Stewart et al. (2004b)




Population: 8 male, 1 female, incomplete AIS C, C4-T12, 8.1yr post-injury.

Intervention: Body-weight–supported treadmill training, 3 d/wk, 6 months.

Outcome Measures: ambulatory capacity (Wernig Walking Scale), cholesterol, HDL, LDL, triglycerides.

·         There were significant reductions in TC (-11.2%), LDL (-12.9%), and TC/HDL (-19.8%).


Three pre-post studies have investigated the role of BWSTT on cardiometabolic function. All 3 studies demonstrate level 4 evidence that BWSTT improves various markers of cardiometabolic function including reduced insulin levels, reduced HOMA-IR, improved lipids, and reduced inflammation.


There is level 4 evidence (Turiel et al. 2011) that 6 weeks of 5d/wk BWSTT (60 min/day, 50-60% weight support) improves cardiac diastolic function and reduces inflammation in individuals with incomplete paraplegia.

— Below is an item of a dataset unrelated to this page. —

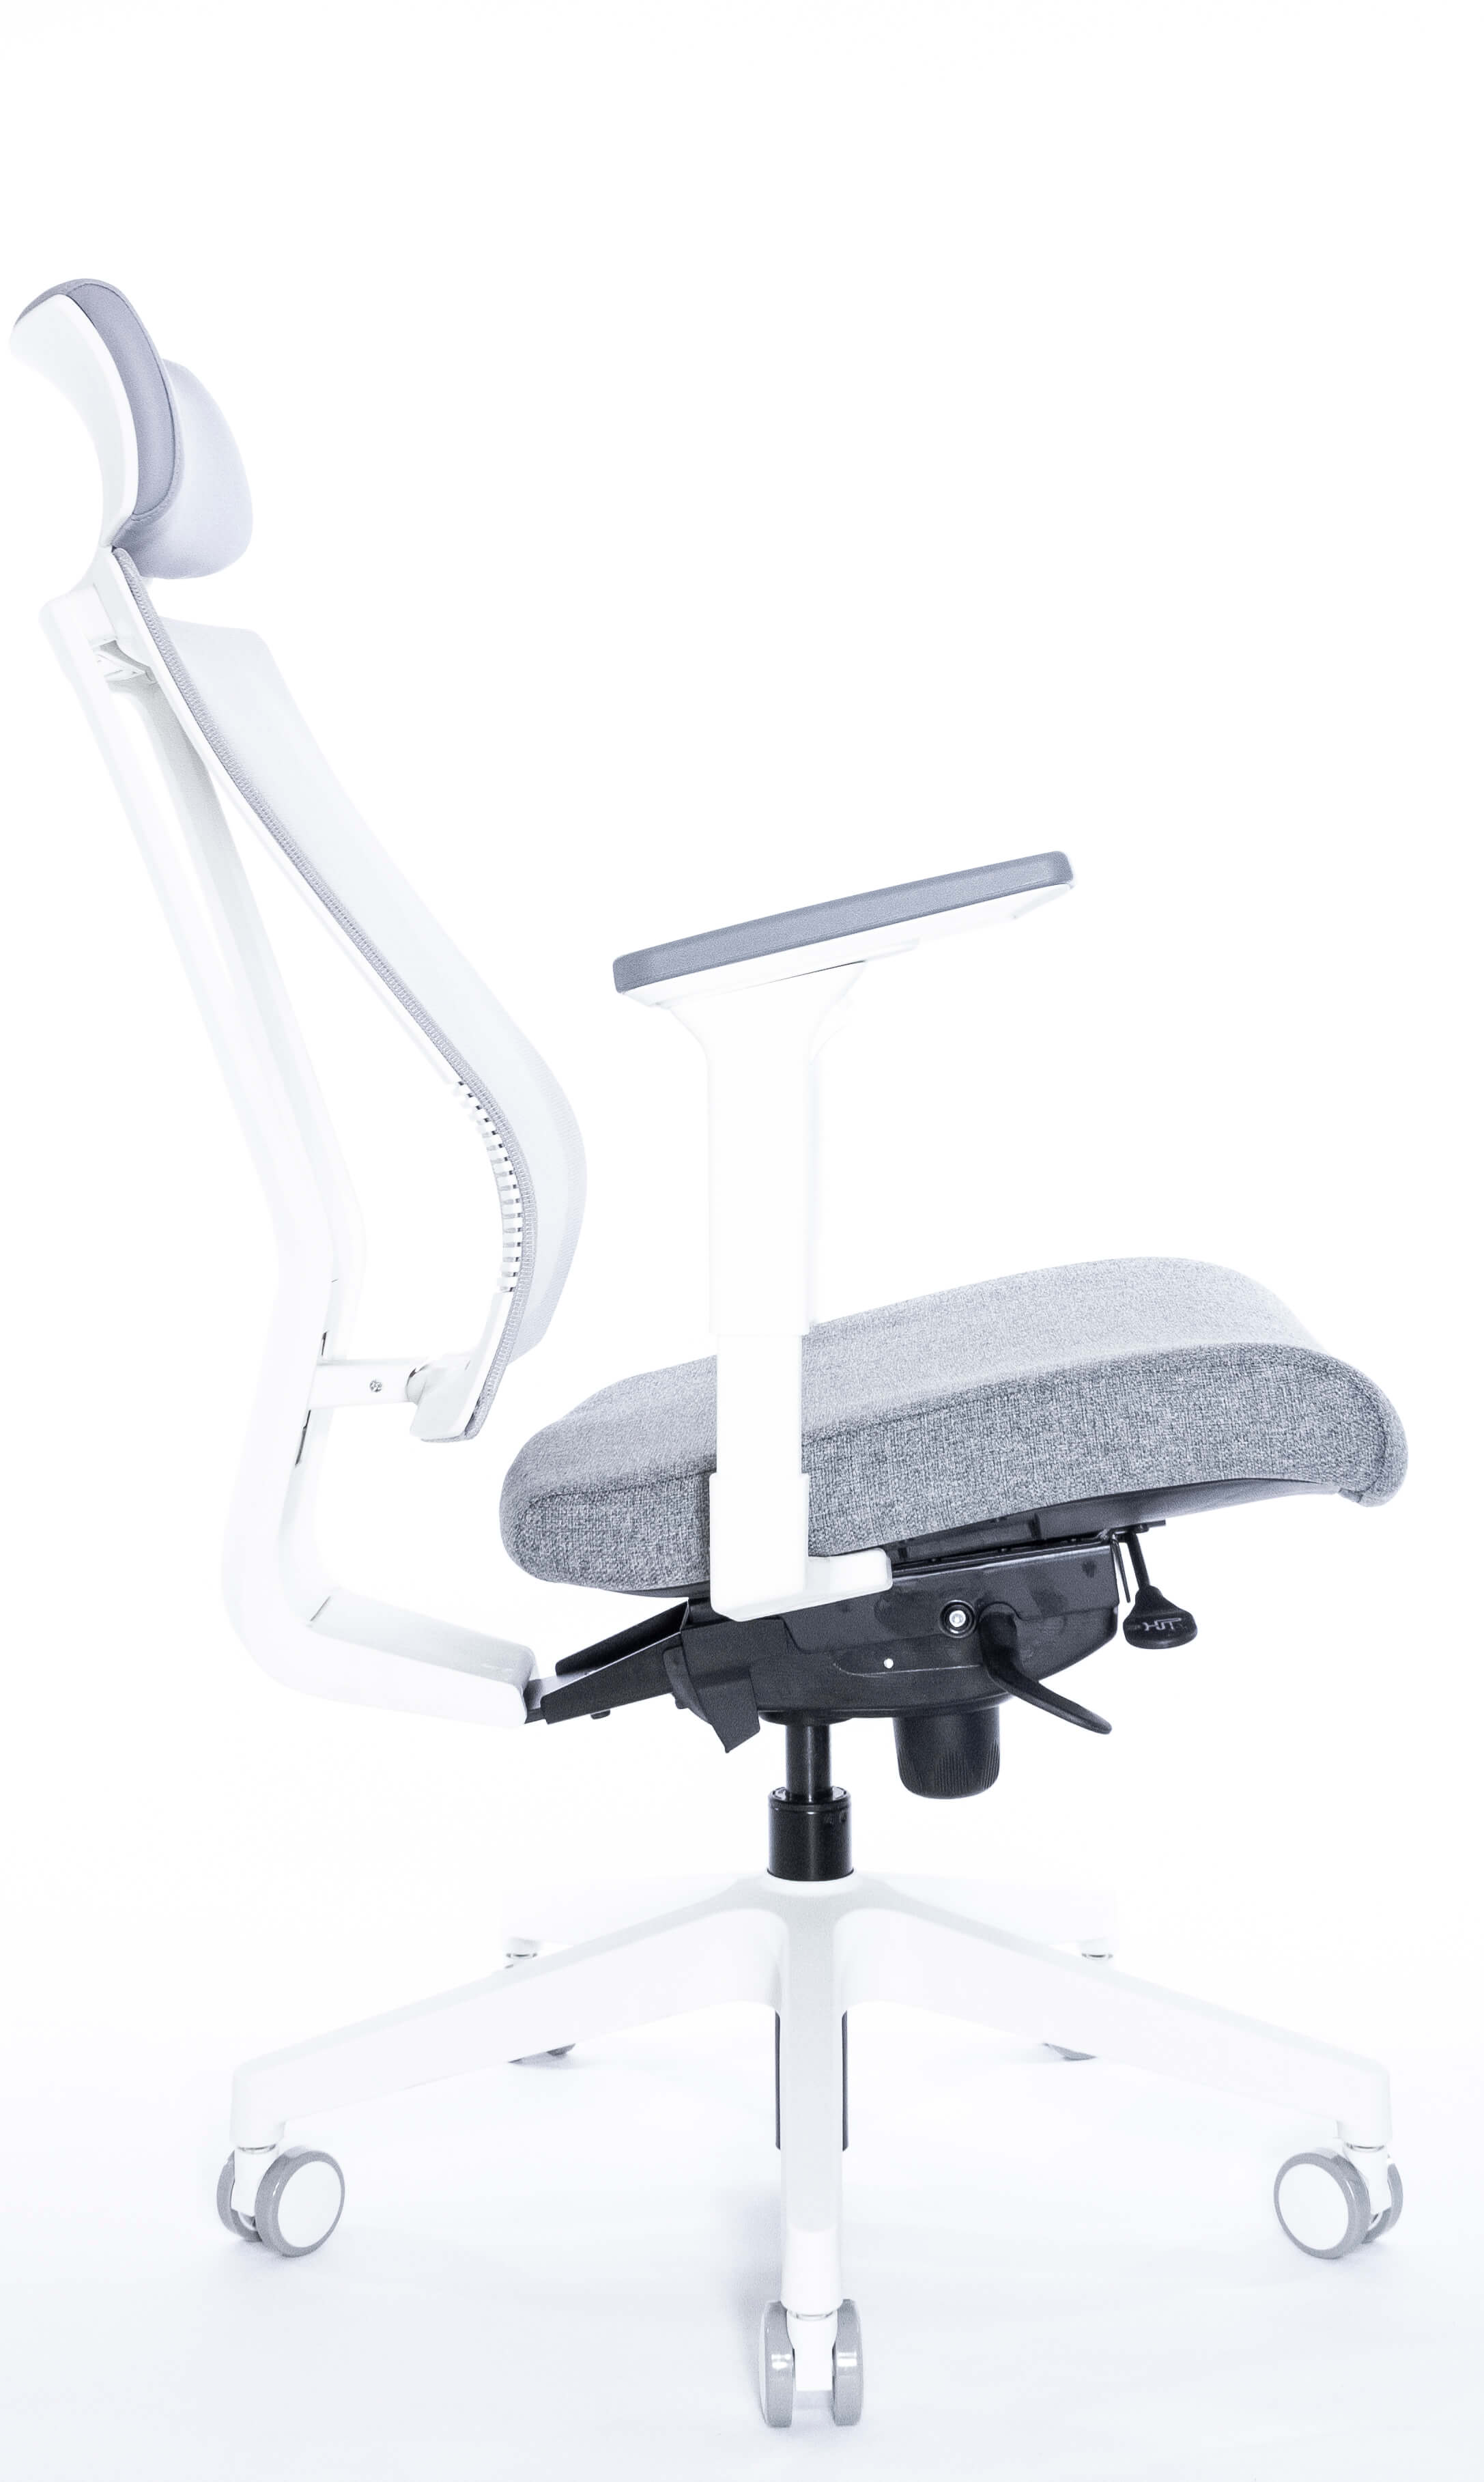 Эргономичное кресло Falto G-1 GON 01WAL/GY-GY (каркас белый, спинка серая, сиденье серое)

There is level 4 evidence (Phillips et al. 2004) that 6 months of 3d/wk BWSTT improves glucose tolerance and increases GLUT-4 muscle content in individuals with various levels and severities of SCI.

There is level 4 evidence (Stewart et al. 2004b) that 6 months of 3d/wk improves blood lipids in individuals with various levels and severities of SCI.